商人ですから、ベストにズボンを履いているだけで、可愛い可愛い女の子です。
(っと、脳内芝居している場合じゃないか)
重たい扉が開き、ゆっくりと前へ進む。
両脇には、この国の膿と言うか癌と言うか、無駄に着飾った貴族達が、こちらに目を向けては、口元を隠し、笑って居る。
(地獄の縁へようこそ♪)
ここに集まった貴族達は、何故僕がここに来たのか、理由を知らされていないのだろう。
着ている服に価値は有るが、中身はただの、肥え太るしか脳が無い、価値無き肉団子達だ。
(ここら辺かな?)
王座の前で立ち止まり、右膝を床に付け、右手は背中へ回し、頭を下げる。
誰に頭を下げてるのかって? 勿論、この国で一番愚かな"王"にだよ。
『アグノリアス・オーラム嬢。頭を上げよ』
ゆっくりと頭を上げ、王座に腰掛ける、痩せ細った見窄らしい王を見る。
他の貴族達とは違い、見るからに苦労人と言った、風体の王ではあるが、あそこの膿や癌を増長させた、愚かな王であるのは間違い無い。

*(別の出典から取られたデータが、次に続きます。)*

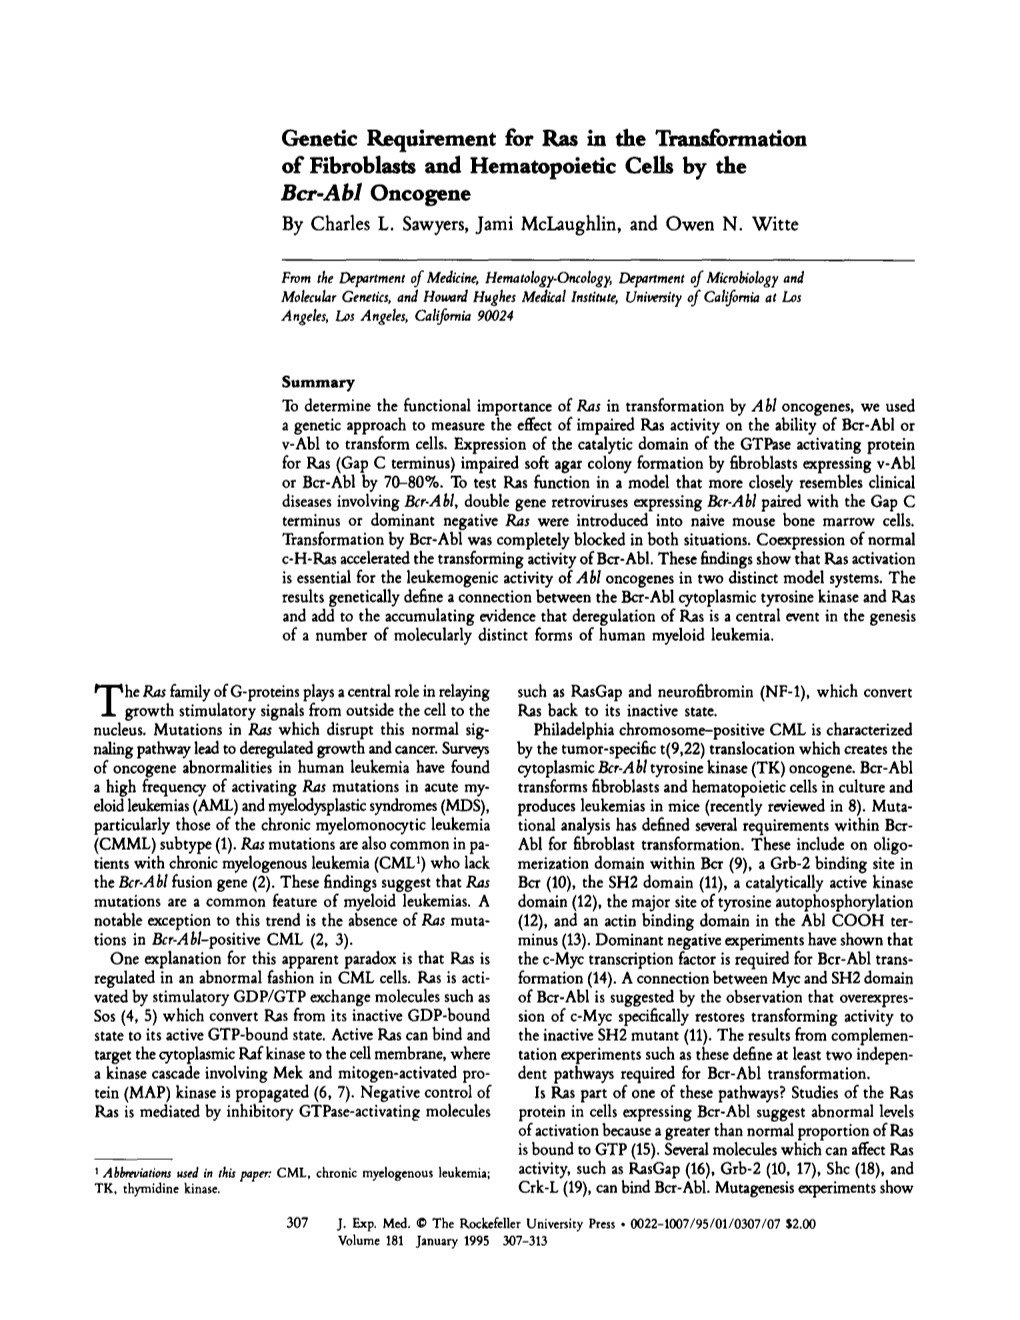 Genetic Requirement for Ras in the Transformation of Fibroblasts and Hematopoietic Cells by the Bcr-Abl Oncogene by Charles L

『何故、他国の者で有る筈のお主が、我の前へ現れたのだ。発言を許す、答えよ』
はいっ、ここで答え合わせ。
僕が何故、こんな国まで来たのでしょう。
その答えは簡単だよ。
だって僕は、商人だから。
「お初にお目にかかります。滅びゆく泥舟の王、パルシムス3世。つきましては、この国を買取りに、参りました」
(商材を、仕入れに来ました!)
滅びゆく小国を買い叩き、他国へ高値で売り付ける商人、アグノリアス・オーラム。またの名を、『国狩り姫』。
彼女に狙われた国は、僅か一月で崩壊し、大国に押し潰され、滅亡する。
小国であるパルシムスが、大国に呑まれたと言う情報が流れたのは、アグノリアスが謁見してから、丁度一月後の話であった。